From 2007 to 2011, Casey Miller spent 17 months in Northwest China examining the consequences two of the biggest global health initiatives, the Global Fund and the Gates Foundation, have had on NGOs engaged in HIV/AIDS prevention and treatment in the area.
The results of his research were recently published in Medical Anthropology Quarterly.
While well intentioned, Miller, who spent 2013–16 as a visiting professor in Bryn Mawr’s Department of Anthropology, argues that these initiatives have at times created a climate of deleterious competition among NGO’s and led at least one grassroots gay men’s organization away from broader political and social objectives to a narrower and more entrepreneurial emphasis on HIV testing and treatment.
“My hope is that these findings not only shed new light on processes of depoliticization among Chinese gay NGOs, but they also challenge neoliberal, market-based logics and discourses embedded within GHIs in which competition becomes synonymous with progress,” says Miller. “We need to need to better understand the complex effects of GHIs on local health systems and civil societies and not just assume that the often temporary increases in funding that they bring with them necessarily lead to better outcomes.”

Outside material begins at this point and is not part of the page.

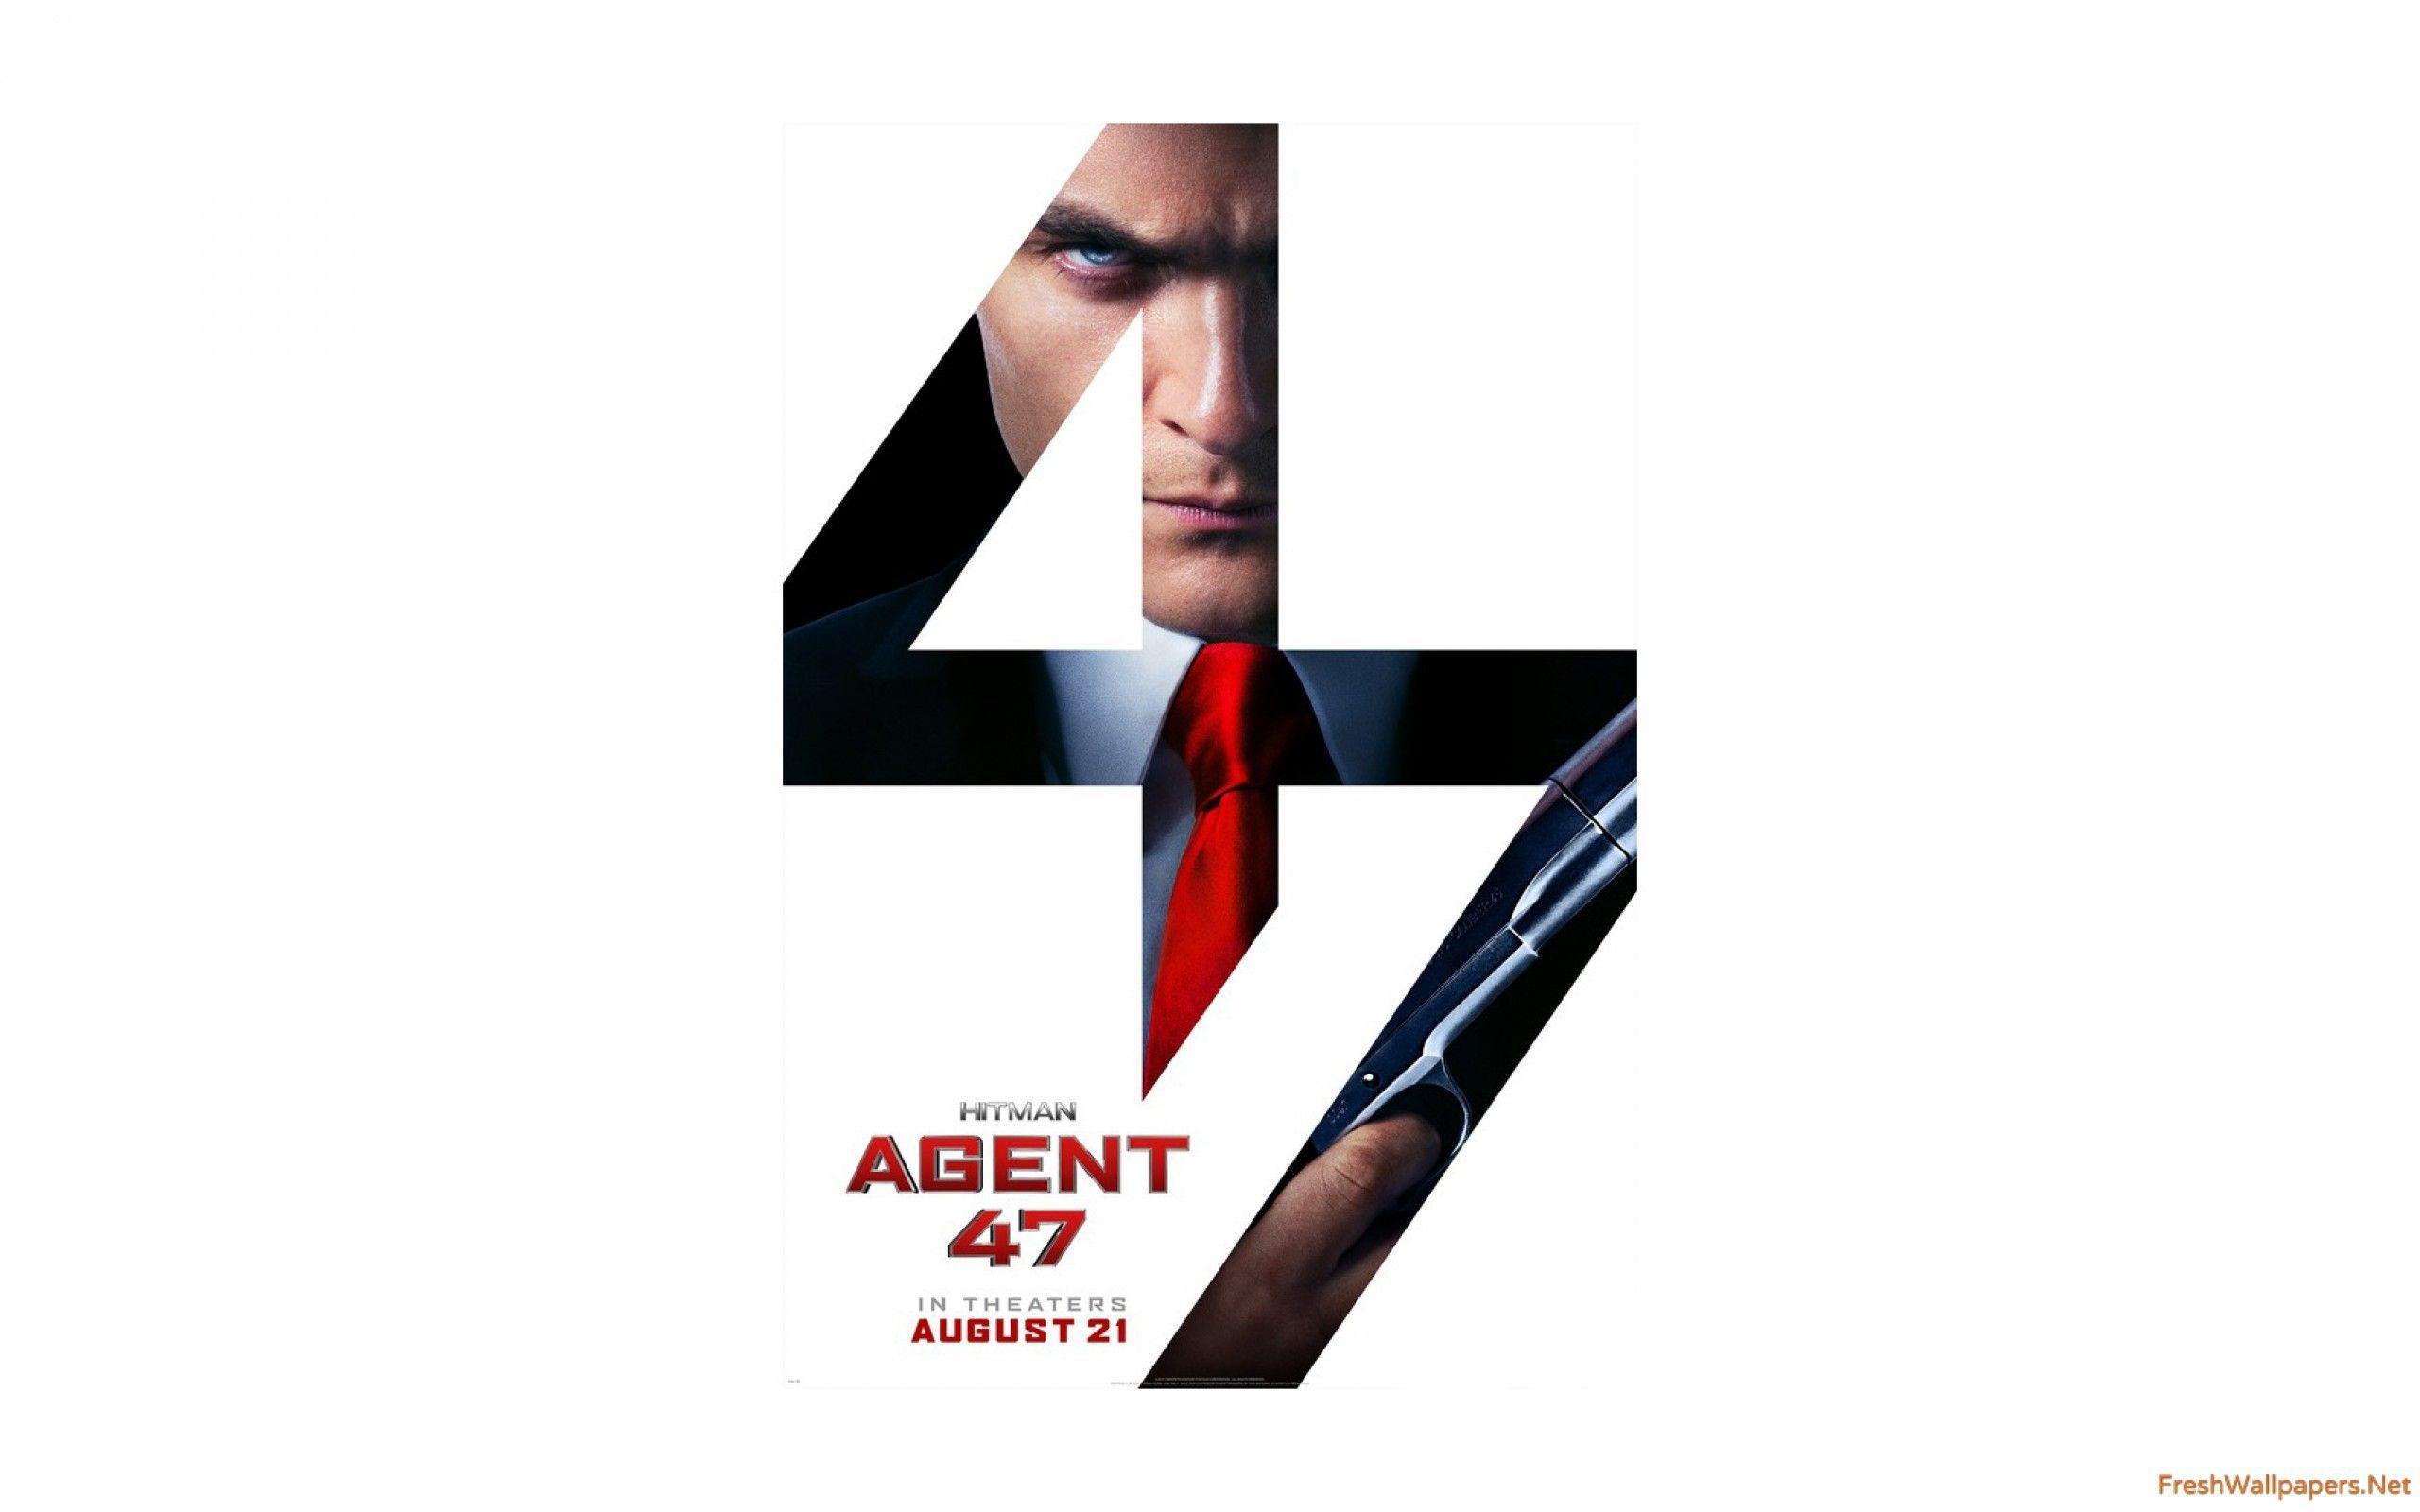 Hitman: Agent 47 Wallpapers

Miller’s article draws from ethnographic data collected during a larger research project examining the intersections of gender, sexuality, civil society, and HIV prevention in China.
He gathered data through a variety of qualitative research methods, including participant observation, in-depth interviews, and focus group discussions, involving more than 70 informants. His work took place in urban Shaanxi Province during the summers of 2007 and 2008 and from September 2010–September 2011.

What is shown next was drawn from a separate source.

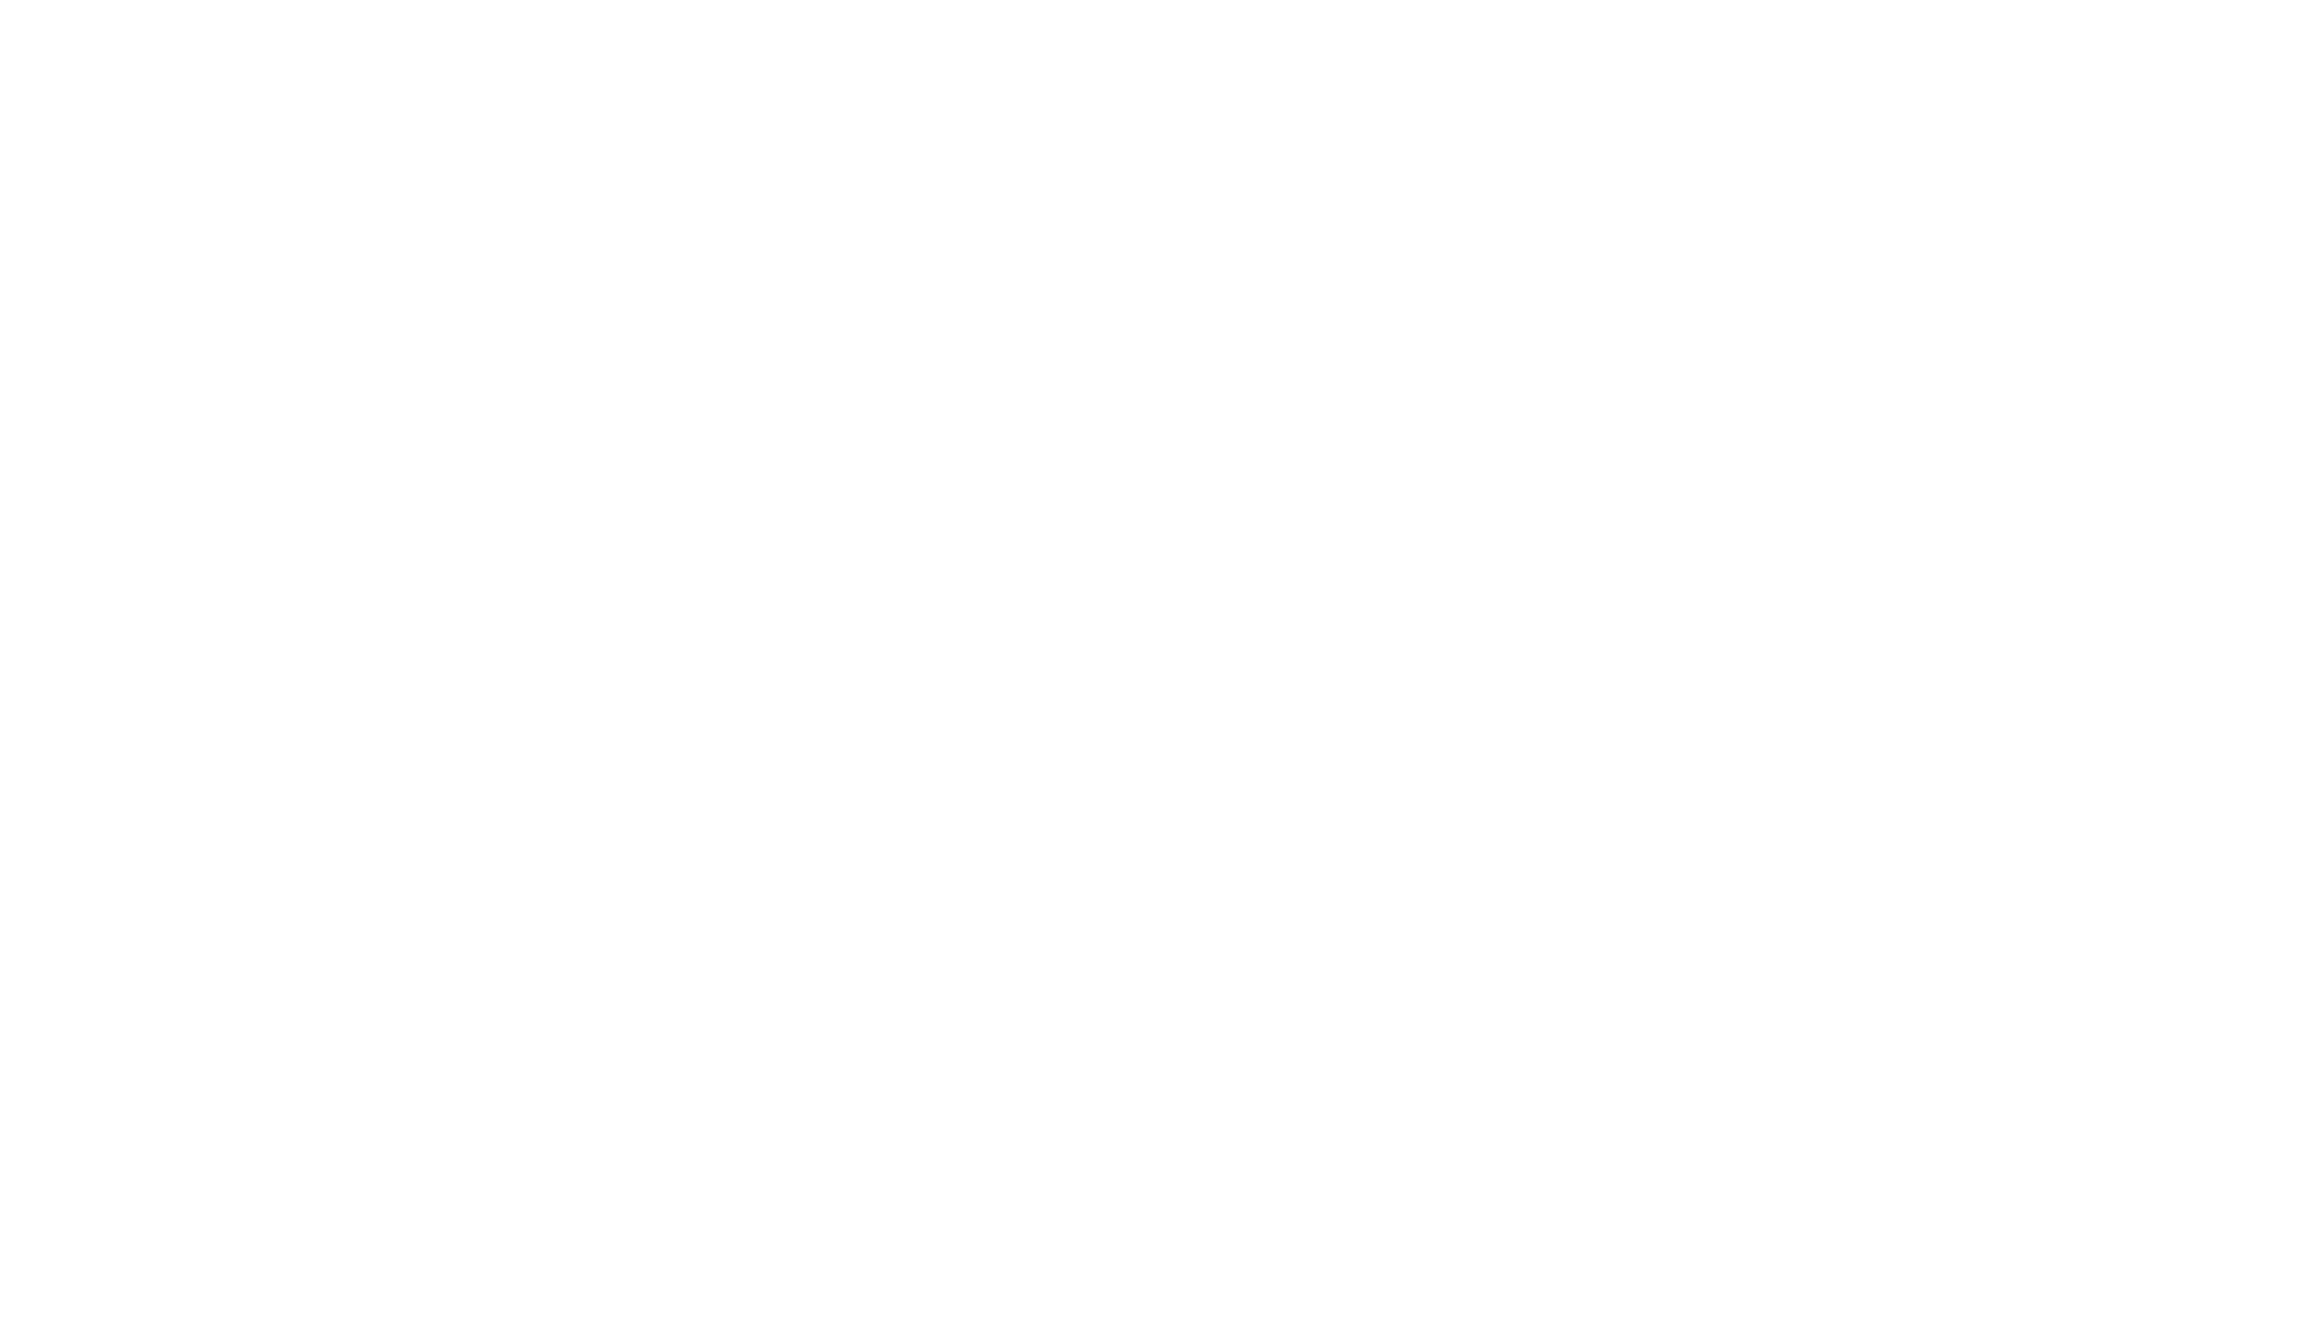 Give Soul

“Conducting fieldwork in the same location over a five-year period allowed me to document the impacts of the arrival of GHIs,” explains Miller.
In conducting his research, Miller spent most days and nights at the office of a community-based gay men’s NGO helping with daily office tasks and taking part in community outreach activities in local gay meeting places such as bars, bathhouses, and cruising areas in public parks. He also attended and documented meetings between the NGO and government officials from district, regional, and provincial offices of the Chinese Center for Disease Control and Prevention.
“Although many AIDS NGOs in China and elsewhere remain severely under-resourced, depending on how it is administered and distributed increased foreign funding can sometimes create as many problems as it resolves,” says Miller.
In Fall 2016 Miller will begin a two-year Postdoctoral Research Fellowship in Population Studies at the Population Studies and Training Center at Brown University.